New discoveries about how the result of infection with a virus from the herpes family is determined and where dormant viruses may hide in the body

Lung macrophages infected with human cytomegalovirus. In bright green - the cells where there is an active infection
Lung macrophages infected with human cytomegalovirus. In bright green - the cells where there is an active infection

"He who wants peace will prepare for war," advised statesmen Vegetius, the Roman writer of the 4th century AD. The power of this advice is beautiful not only in the arena of international relations but also in the arena of the fight against viruses. In response to a virus invasion, the cells in our body secrete proteins called interferons, which warn their neighbors of the impending danger and even cause them to produce antiviral proteins that protect them from infection. MNew research of the scientists of the Weizmann Institute of Science shows that even in times of peace there are cells that express high levels of anti-viral defense proteins and that these proteins are able to make the cells more immune to a hostile takeover by viruses. In fact, the scientists showed that the higher the levels of defense proteins in the cell were normally, the greater the cell's chances of preventing a viral takeover.

Viruses need a living cell to multiply and spread themselves. When a virus invades a cell, an active infection usually occurs - the virus takes over the cell's protein production systems and starts making more and more copies of itself, on the way to destroying the cell and spreading the new virus copies to other cells. However, sometimes viruses enter the cell without active infection occurring. In these situations, even though they failed to take over the production systems of the cell, viruses may remain in the cell in a dormant state. Viruses from the herpes family, for example, are notorious for their unique ability to hide in body cells in a dormant state.

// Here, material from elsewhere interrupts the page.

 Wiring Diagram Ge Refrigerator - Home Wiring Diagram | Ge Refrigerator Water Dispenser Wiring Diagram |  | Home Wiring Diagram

But how is the result of the infection decided - that is, will an invading virus succeed in taking over the cell and enslave it to its needs or will it remain dormant and wait for an hour of fitness?

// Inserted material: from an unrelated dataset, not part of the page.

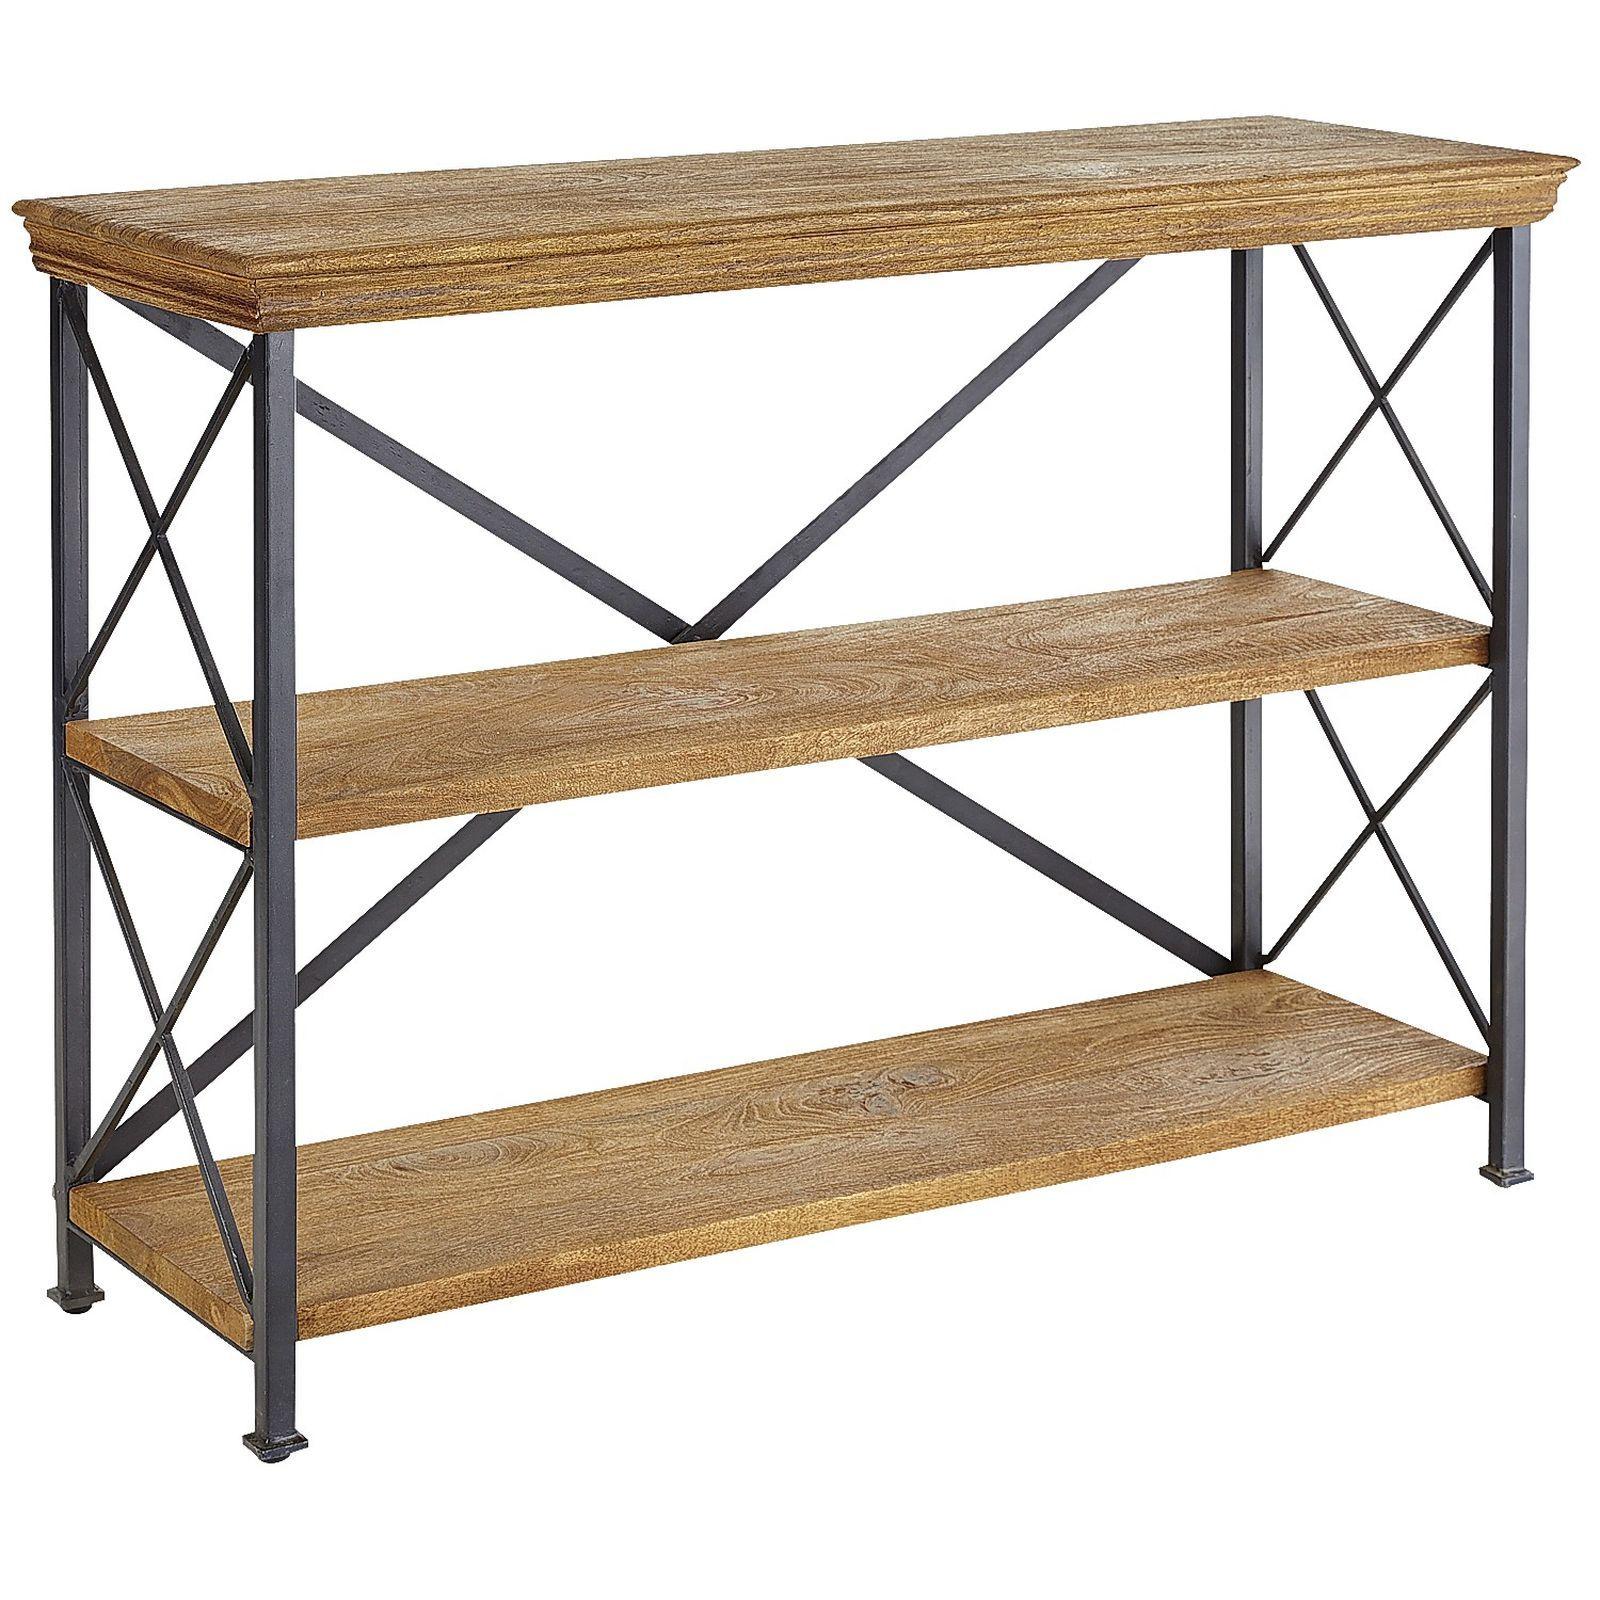 Metro Weathered Java Low Shelf Metal Shelves Shelves Low Shelves

This question is the focus of a new study led by Dr. Michal Schwartz from the research group of Prof. Noam Stern-Ginosar in the department of molecular genetics at the institute. To put this question to the test, the research team focused on the human cytomegalovirus (CMV), a virus of the herpes family that infects most of the population. As befits a virus from the herpes family, this virus waits dormant in the body of the carriers and may erupt at any stage of life. These outbreaks often occur among immunosuppressed people, for example organ transplant recipients or chemotherapy patients. In addition, pregnant women may transmit the virus to their fetuses, an infection that can cause severe disease outbreaks in babies.

The scientists followed for 144 hours two groups of cells of the immune system that were infected with the virus - macrophages and their mother cells - and sequenced the RNA molecules in these cells at the single cell level at different time points after infection. Since RNA molecules carry the recipes for the production of the proteins in the cell, sequencing revealed to the scientists which proteins are produced in each cell at each stage of the infection.

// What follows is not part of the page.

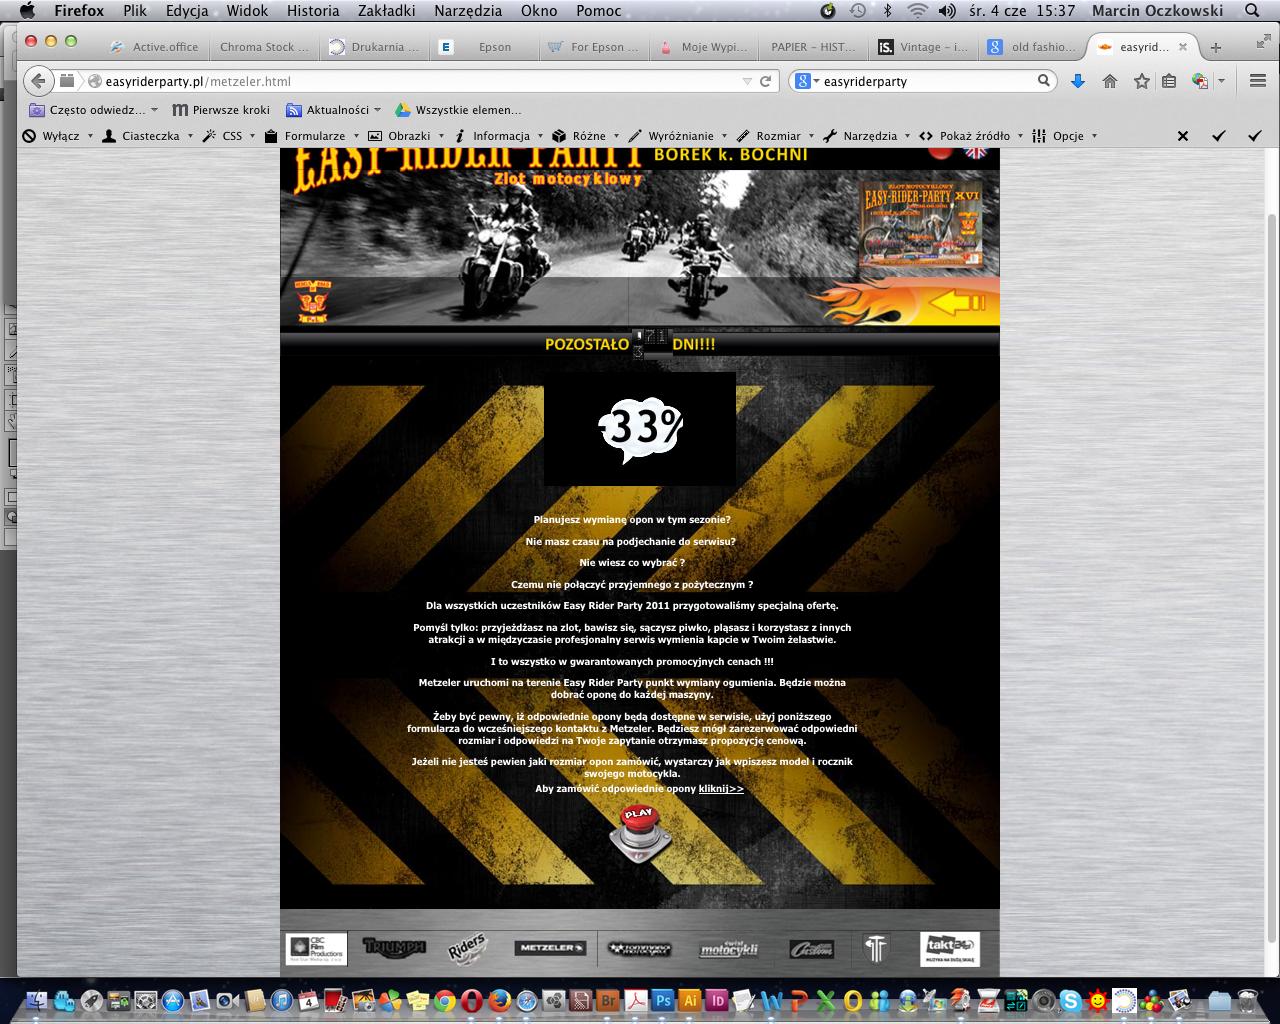 Zrzut ekranu 2014-06-4 o 15.37.34

""Viruses that hide in the body in a dormant state are an existential threat to immunocompromised patients and organ transplant recipients" 

"As can be expected, in the first hours after infection, the cells produced their own cellular proteins," explains Dr. Schwartz, "however, after a few hours, a split occurred: some of the cells continued to produce only their own proteins, while others began to produce two proteins of the virus, whose role to duplicate its genes and allow its spread in the body. This step was irreversible: that is, from the moment cells expressed those first two proteins of the virus, it was not possible to stop its takeover of the cell."

The replication centers of the human cytomegalovirus (in red) inside infected macrophage cells (in blue - the cell nuclei)
The replication centers of the human cytomegalovirus (in red) inside infected macrophage cells (in blue - the cell nuclei)

The scientists went back and examined how the cells that had an active infection differed from the cells in which the virus only remained dormant, and therefore continued to produce self-proteins. They discovered that even before exposure to the virus, the cells in the samples differed from each other in the amount of antiviral defense proteins they produced, and that the active infection occurred in cells where fewer antiviral defense proteins were produced, while in cells where more defense proteins were produced, the virus remained dormant.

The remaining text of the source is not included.